The entries that follow include a run beginning at the line with "street fair in a mountain town" and ending at the line with "Blazer LightCoral Pink"; restate that run word for word and leave the rest out.

* [RECORDS FOR THE TASK]
--- START ---
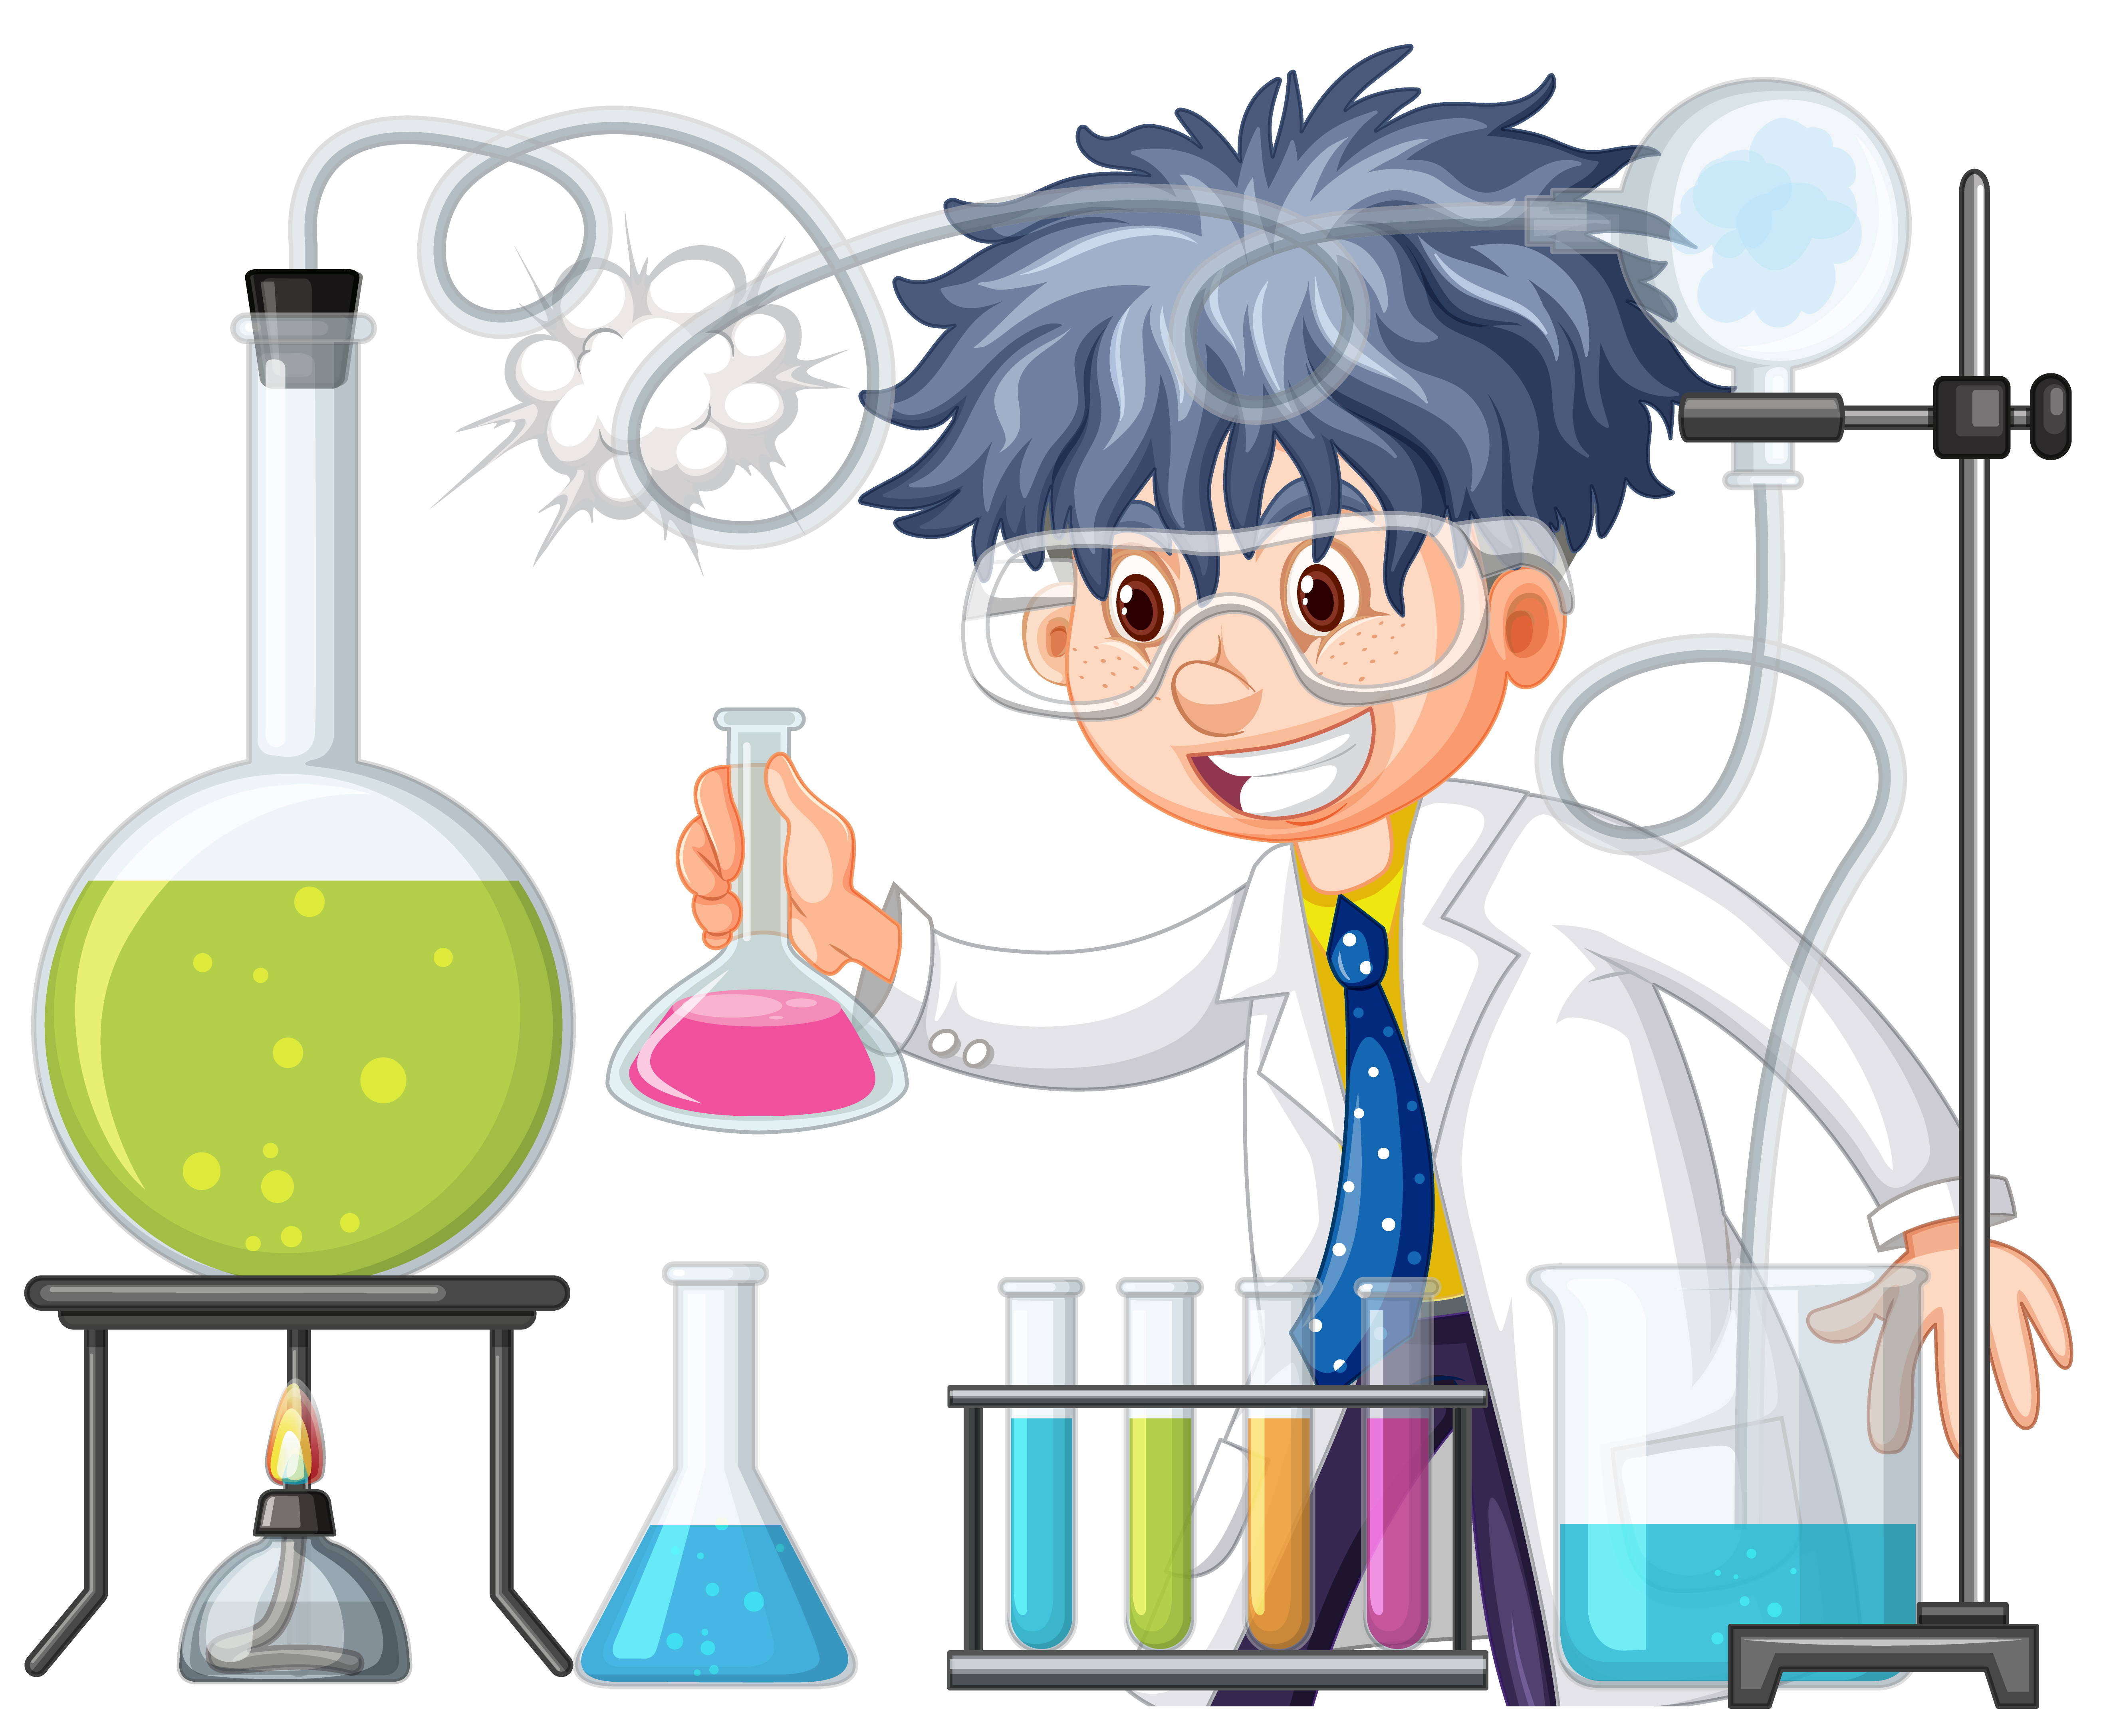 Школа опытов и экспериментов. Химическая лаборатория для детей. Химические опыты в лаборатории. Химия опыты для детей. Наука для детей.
--- END ---
--- START ---
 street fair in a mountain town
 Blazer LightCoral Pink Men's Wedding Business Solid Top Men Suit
--- END ---
* [SOLUTION FOR THIS PROBLEM]
 street fair in a mountain town
 Blazer LightCoral Pink Men's Wedding Business Solid Top Men Suit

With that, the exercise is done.